Use the **coding system** from data collection to automatically create and save your data.

The code below will help you with that, and it will output and save the data files in the desired format for assignment submission.

In [None]:
labels = np.array([])
data = {}
statements = np.array([])
i=0
for file in os.listdir(mydir):
    if file.endswith(".wav"): # Will only read .wav files
        filewav = file
        filename = mydir+'/'+file
        y, sr = librosa.load(filename, sr=44000)
        data[i] = y
        labels = np.hstack((labels, int(filewav[4])))
        statements = np.hstack((statements,int(filewav[6])))
        i+=1

print('-------------------------------------------------------')
print('----------------------DONE-----------------------------')
print('-------------------------------------------------------')

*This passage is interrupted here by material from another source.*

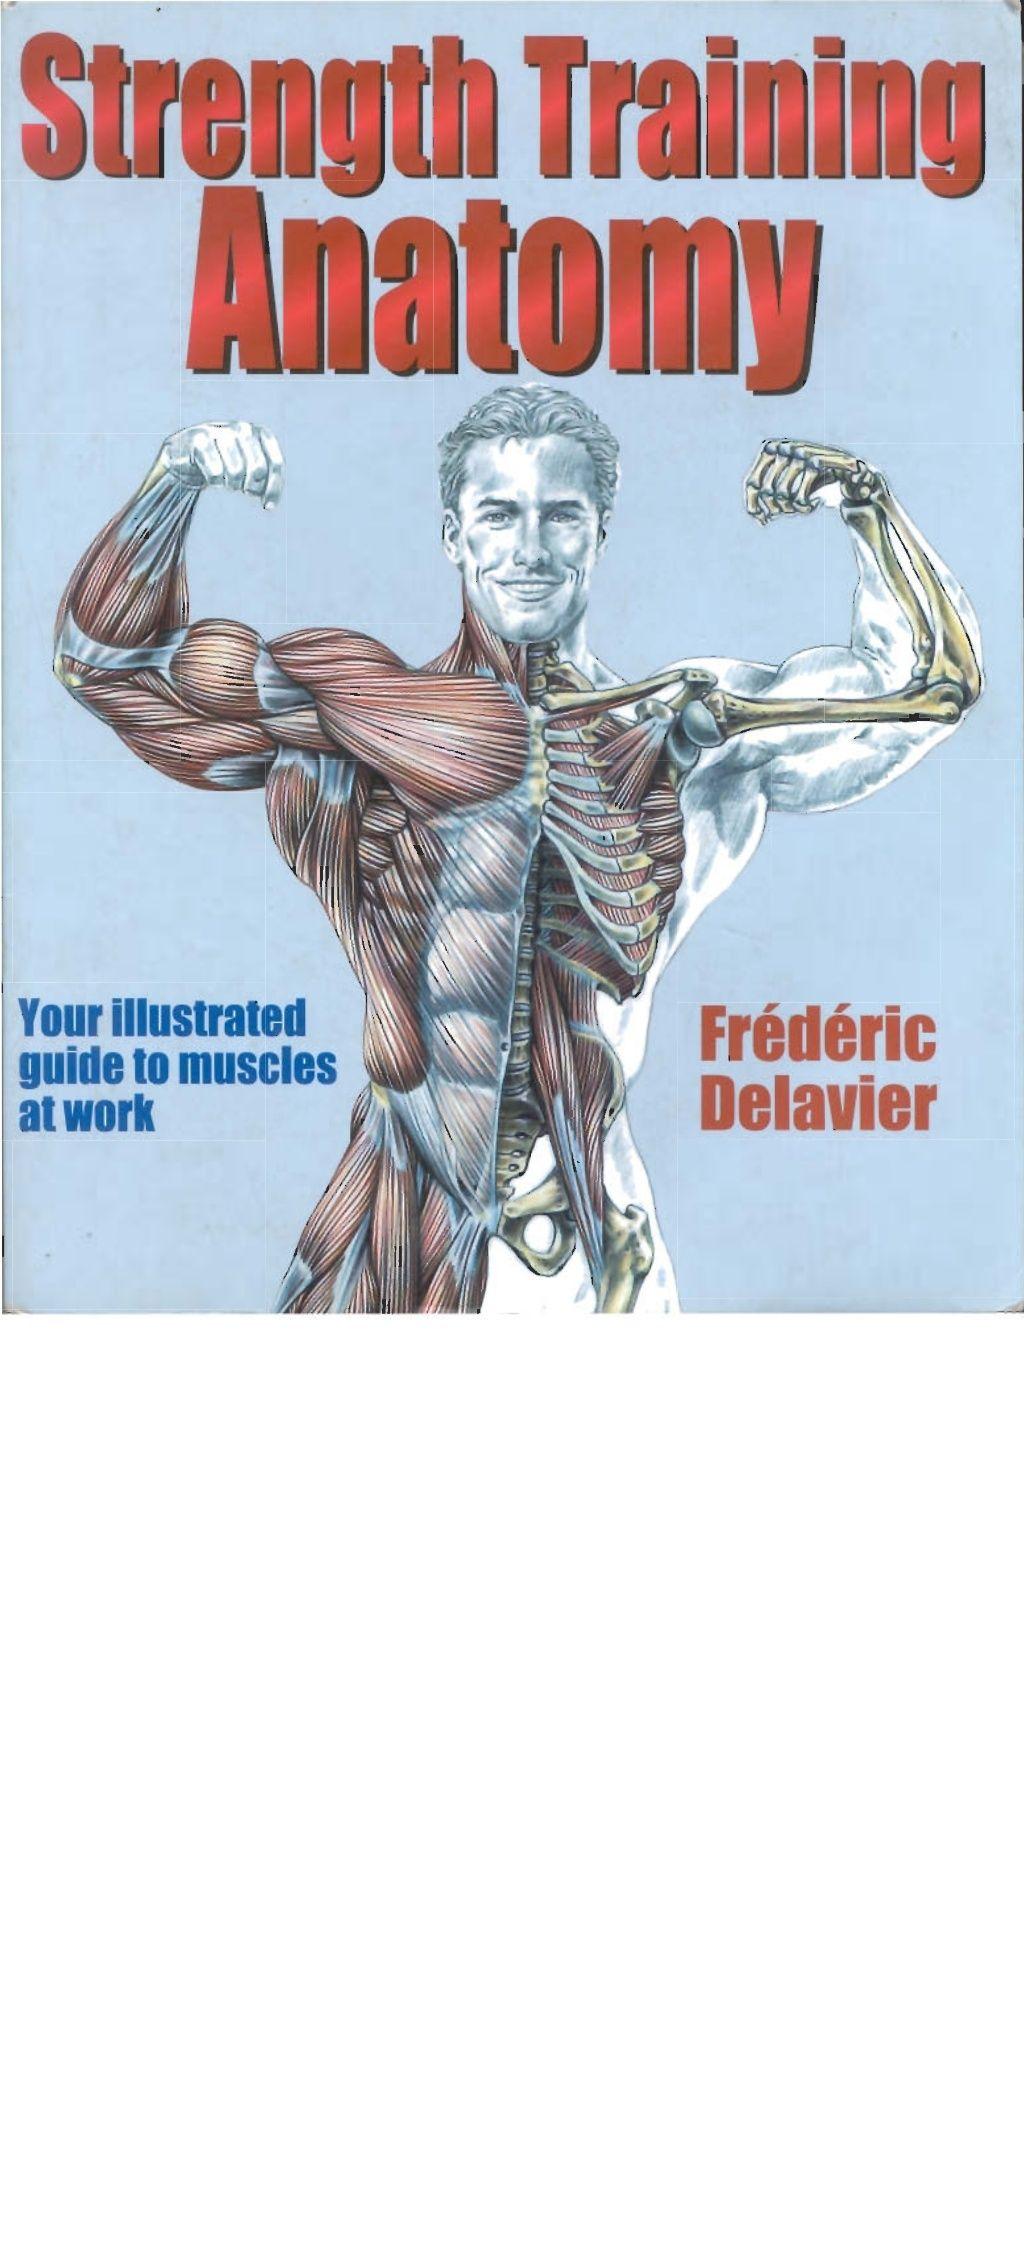 Frederic Delavier Strength Training Anatomy By Laurent Dkatware Via

# Saves the files to your current directory
f = open("data.pkl","wb")
pickle.dump(data,f)
f.close()
np.save('labels', labels)
np.save('statements', labels)

## 2.4 Gather All Files for Submission

To receive full credit in this question, you should submit to Canvas:

1. Compressed folder (.zip) with the recordings from all team members. (80 recordings per student should be included.)
2. File "data.pkl"
3. File "labels.npy"
4. File "statements.npy"

## Submit your Solution

Confirm that you've successfully completed the assignment.

```add``` and ```commit``` the final version of your work, and ```push``` your code/data to your GitHub repository -- **you may run into memory issues. If this happens, disregard this step and only submit the data files to Canvas**

Submit the URL of your GitHub Repository along with all data as your assignment submission on Canvas.